Anthem Properties, a major Vancouver developer, wants to delay a $10 million payment it owes city hall, citing “market uncertainty from recent interest rate increases, coupled with unprecedented increases in hard costs.”
Now, Anthem is asking for the second payment to be delayed and tied to a late stage of the building permit. The “outside date,” 24 months after the bylaw enactment, would remain the same.
Community amenity contributions are provided by developers to the city to pay for improvements in the area of the rezoning. The $26 million contribution for Anthem’s West Georgia project were earmarked for affordable housing, community facilities, firehalls, libraries, and child care in the West End. The outstanding balance is charged interest at the rate of prime plus two per cent.

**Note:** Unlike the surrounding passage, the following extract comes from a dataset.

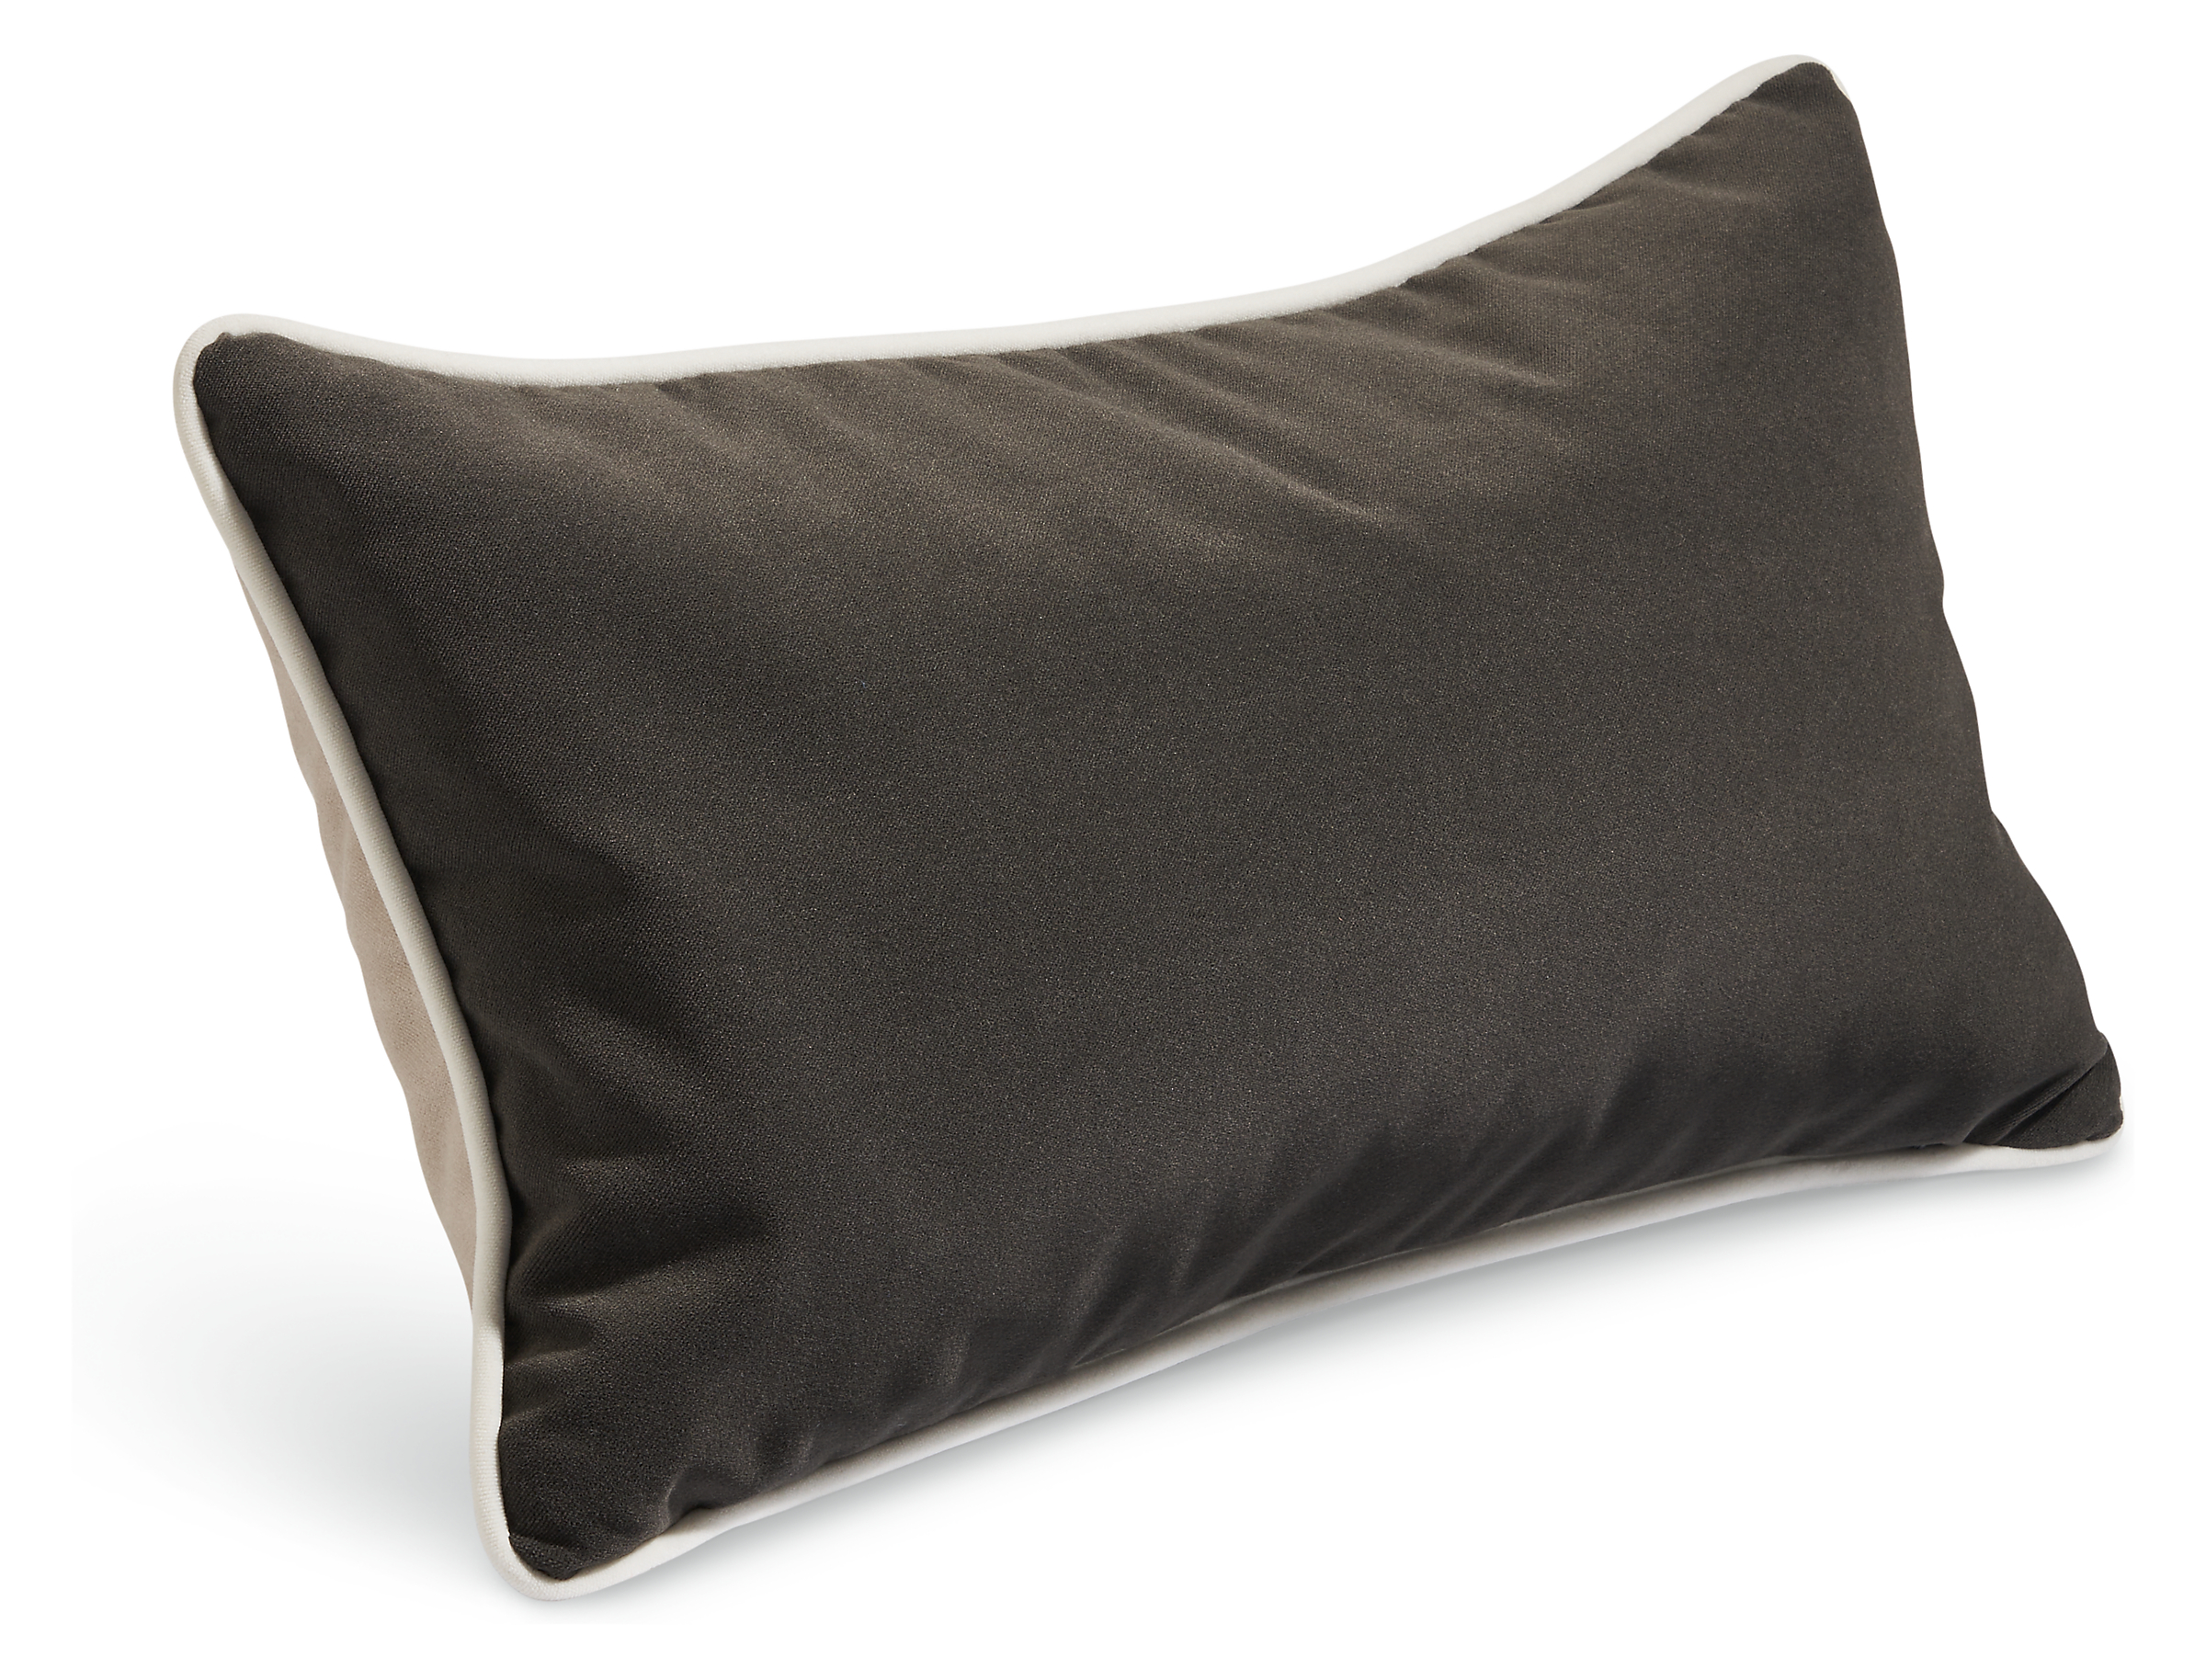 Jinx 22w 13h Outdoor Pillow

Anthem declined to answer questions about the deferral request. In an email, an Anthem representative said: “We don’t have anything to add to the report to council.”
Council will consider Anthem’s request at a meeting next week.
The report going to council, which was made public Wednesday, notes that city planners sought direction from city hall’s risk management committee, which recommended accepting the proposal to delay the payment.
Today’s rapidly changing market conditions means a rezoning is approved in one environment, and then construction begins a couple of years later in a completely different economic climate, Geller said Wednesday, noting the Bank of Canada has just hiked its benchmark interest rate again.
It is not unexpected or unusual for developers to seek to renegotiate conditions of prior approvals after the fact, as market conditions change, Geller said.
In 2020, the developers behind the massive project under construction at the former Oakridge mall proposed major revisions to their plans, seeking council’s approval for more density and swapping a condo building for market rentals, The Vancouver Sun’s Joanne Lee-Young reported at the time.
Vancouver’s previous council approved the proposed revisions from Oakridge developers Westbank and Henriquez Partners Architects last year.
Speaking Wednesday, Andy Yan, director of Simon Fraser University’s City Program, asked if requests like Anthem’s could set a precedent.
Anthem’s request illustrates “the changing economic tides for development in the city and how it is eroding the financial assumptions for market development projects,” Yan said. “But when those conditions change, how should the city react? If you consider the city a creditor on these projects, should they be flexible compared to the other creditors on these projects?”
Anthem was founded in Vancouver in the 1990s and has been active in dozens of markets in B.C., Alberta, and several U.S. states.
The company has more than 20,000 homes in its portfolio, nine million square feet of commercial real estate, and more than 34 square kilometres of land in western North America.
Anthem purchased the former Chevron location at 1698 West Georgia St., at the corner of Georgia and Bidwell, in 2017 for $72 million, Business in Vancouver reported at that time, citing Colliers vice-president David Taylor.
The future development, called Park by Anthem, is described on its website as “introducing a distinct perspective on life and luxury.”